The long-distance relationship has plagued college students and people relocated for work for ages.
These relationships are seen as destined to fail, but are they actually creating stronger bonds than a geographically closer relationship? A recent paper published in the Journal of Communication found that people in long-distance relationships often have stronger bonds from more constant, and deeper, communication than normal relationships.
Crystal Jiang, City University of Hong Kong and Jeffrey Hancock, Cornell University, asked dating couples in long-distance and geographically close relationships to report their daily interactions over different media: face-to-face, phone calls, video chat, texting, instant messenger, and email. Over a week, they reported to what extent they shared about themselves and experienced intimacy, and to what extent they felt their partners did the same thing. When comparing the two types of relationships, Jiang and Hancock found that long-distance couples felt more intimate to each other, and this greater intimacy is driven by two tendencies: long-distance couples disclosed themselves more, and they idealized their partners’ behaviors. These two tendencies become more manifested when they communicated in text-based, asynchronous and mobile media because they made more efforts to overcome the media constraints.
Long-distance relationships have been unexplored for years. One of the reasons is that the general public believes it is rare and not normal. Previous studies have focused on how couples cope with problems, such as jealousy and stress, but until recently, several studies have shown that long-distance relationships are not always problematic. Some surveys even indicate that long-distance couples have equal or better relationship qualities than geographically close couples. This study was designed to observe what exactly happens in long-distance relational communication, particularly in comparison to geographically close ones.

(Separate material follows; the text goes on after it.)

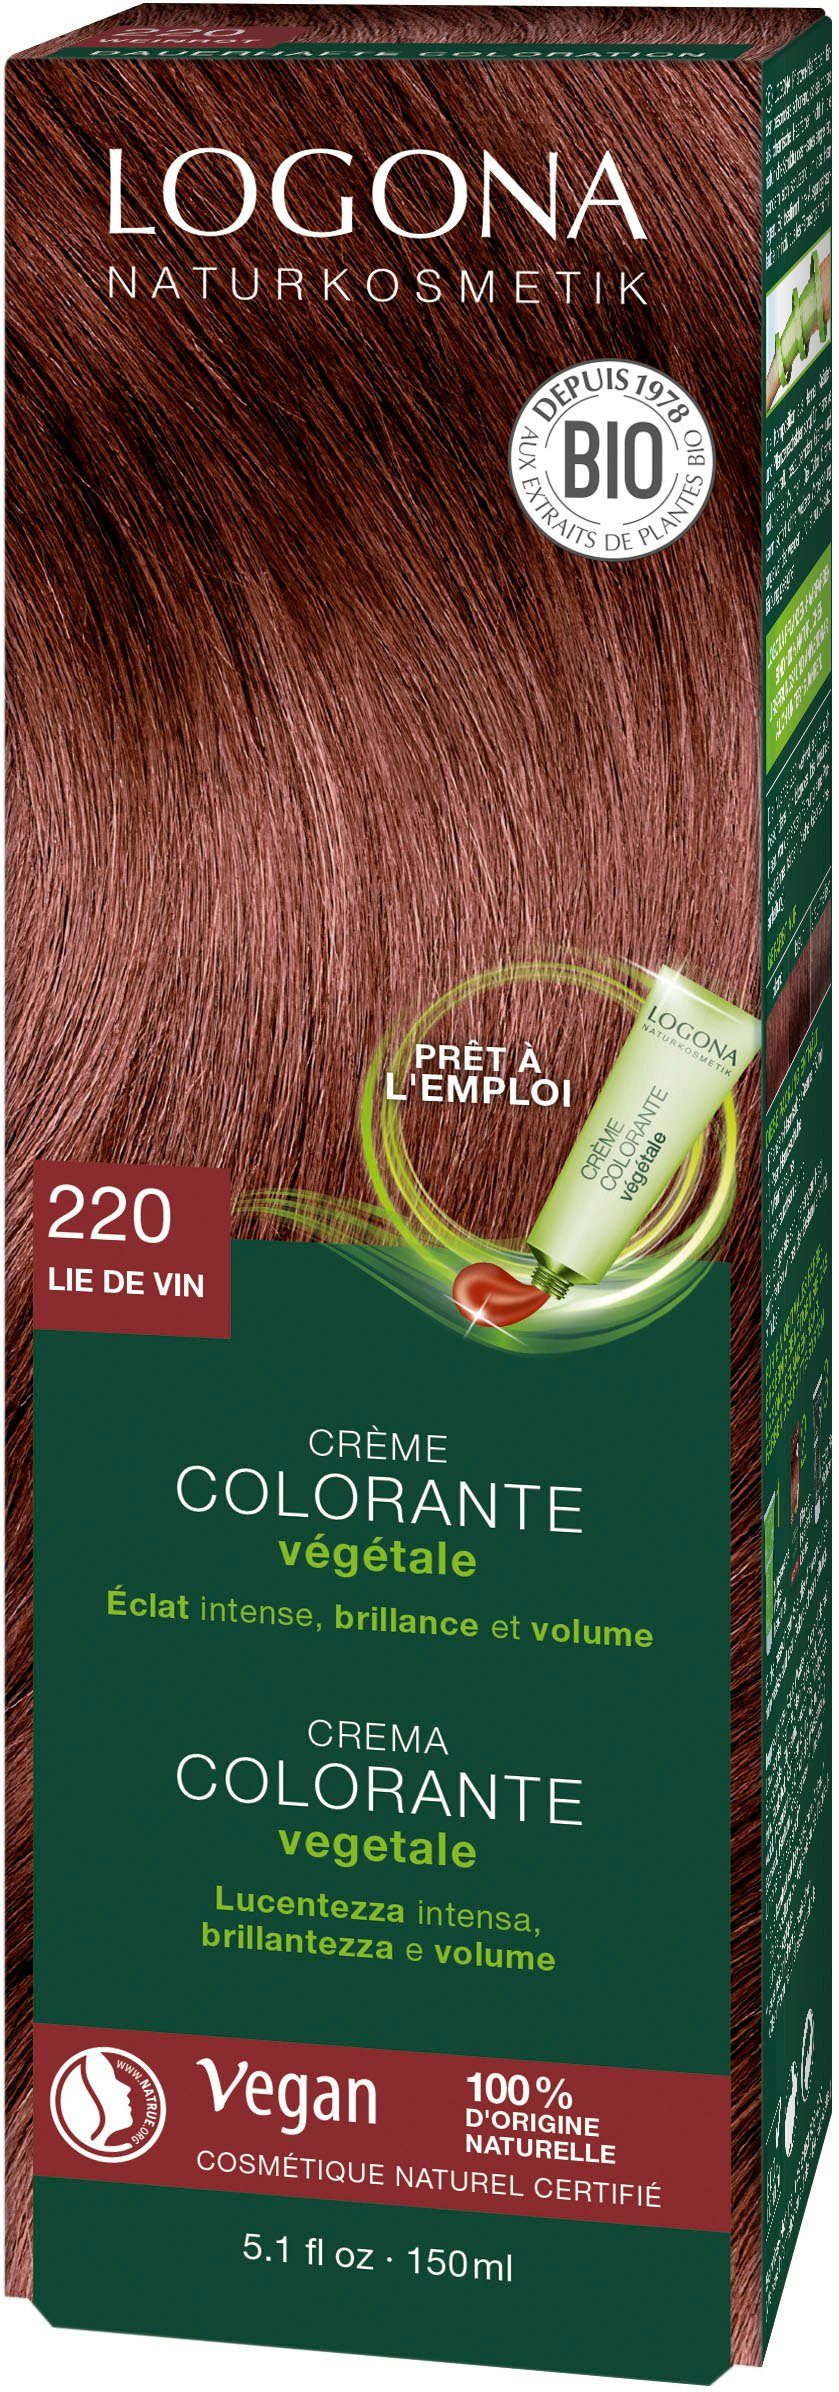 LOGONA Haarfarbe 220 Pflanzen-Haarfarbe weinrot Creme Logona

Long-distance romance is much more common nowadays. Couples get separated for a variety of reasons, due to modern mobility, and they choose to maintain the relationships through all kinds of communication technologies. Recent statistics show that 3 million married couples in the US live apart; 25- 50% college students are currently in long-distance relationships and up to 75% of them have engaged in one at some point. On the other hand, people think long-distance relationships are challenging.
“Indeed, our culture, emphasizes being together physically and frequent face-to-face contact for close relationships, but long-distance relationships clearly stand against all these values. People don’t have to be so pessimistic about long-distance romance,” said Jiang. “The long-distance couples try harder than geographically close couples in communicating affection and intimacy, and their efforts do pay back.”